Most disturbing, Jaczko does not address the elephant in the livingroom – the highly radioactive plutonium-containing waste that is the byproduct of every nuclear reactor.  With a half-life of 24,000 years, the so-called “spent” fuel rods still have plenty of dangerous plutonium to “spend,” and must be managed for thousands of years — undoubtedly requiring the use of vast quantities of carbon dioxide-spewing fossil fuels in the process.

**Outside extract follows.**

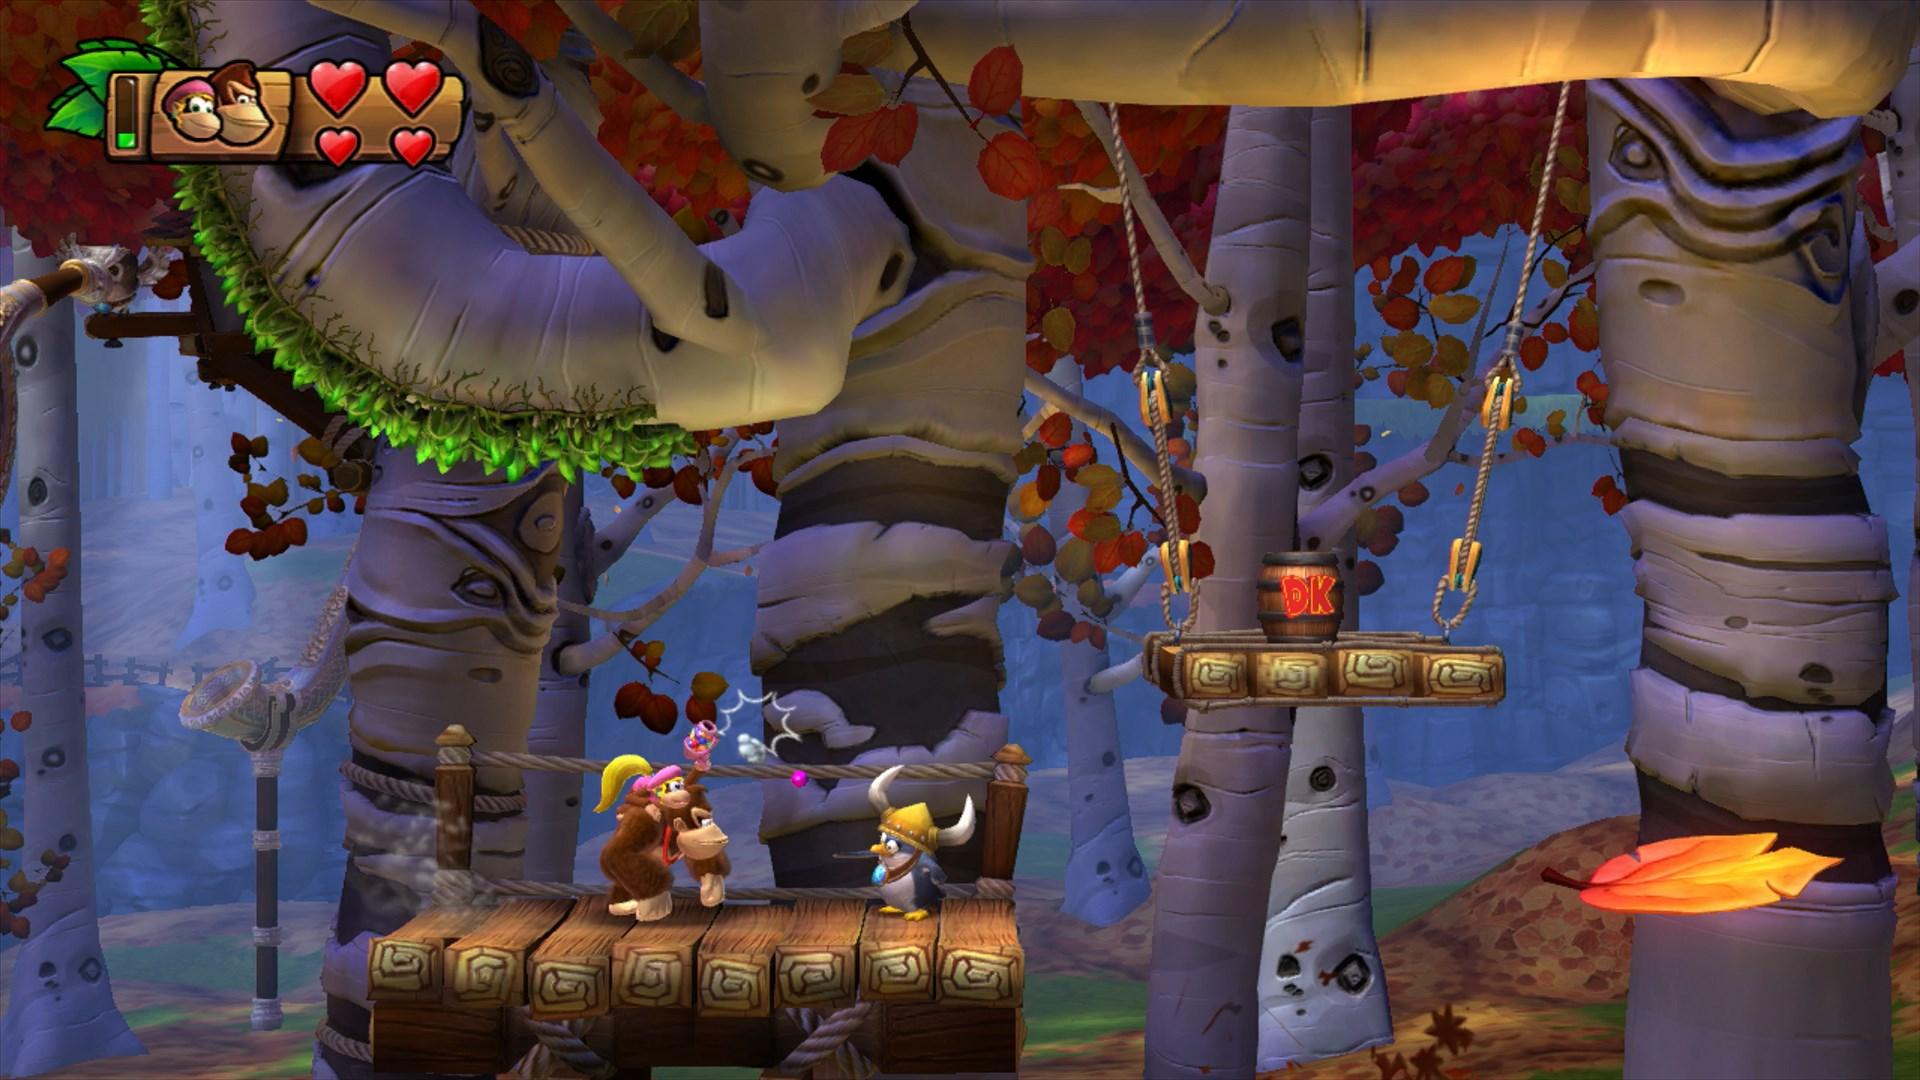 Donkey Kong Country Tropical Freeze Screenshot 5 - Just ...

Disappointingly, Jaczko’s final chapter seems to hold out hope for some future nuclear fusion technology that will be perfectly acceptable, saying that “in forty years, when (emphasis added) a new generation of non-water-based nuclear reactors may become viable,” even as he adds that by then, we may have “harnessed our thirst for electricity in a far more efficient manner.”  Thus he leaves the door open for there to be a future for nuclear technology.  I found his implied “except for…” and “maybe…” disturbing, especially after he had written so candidly about nuclear dangers and safety shortsightedness.

Gregory Jaczko will likely remain a controversial figure no matter where one stands on nuclear technology. Whether you revile the man for his past or have hopes for his continuing redemption in the future, one thing is clear: Confessions of a Rogue Nuclear Regulator is a book worth reading.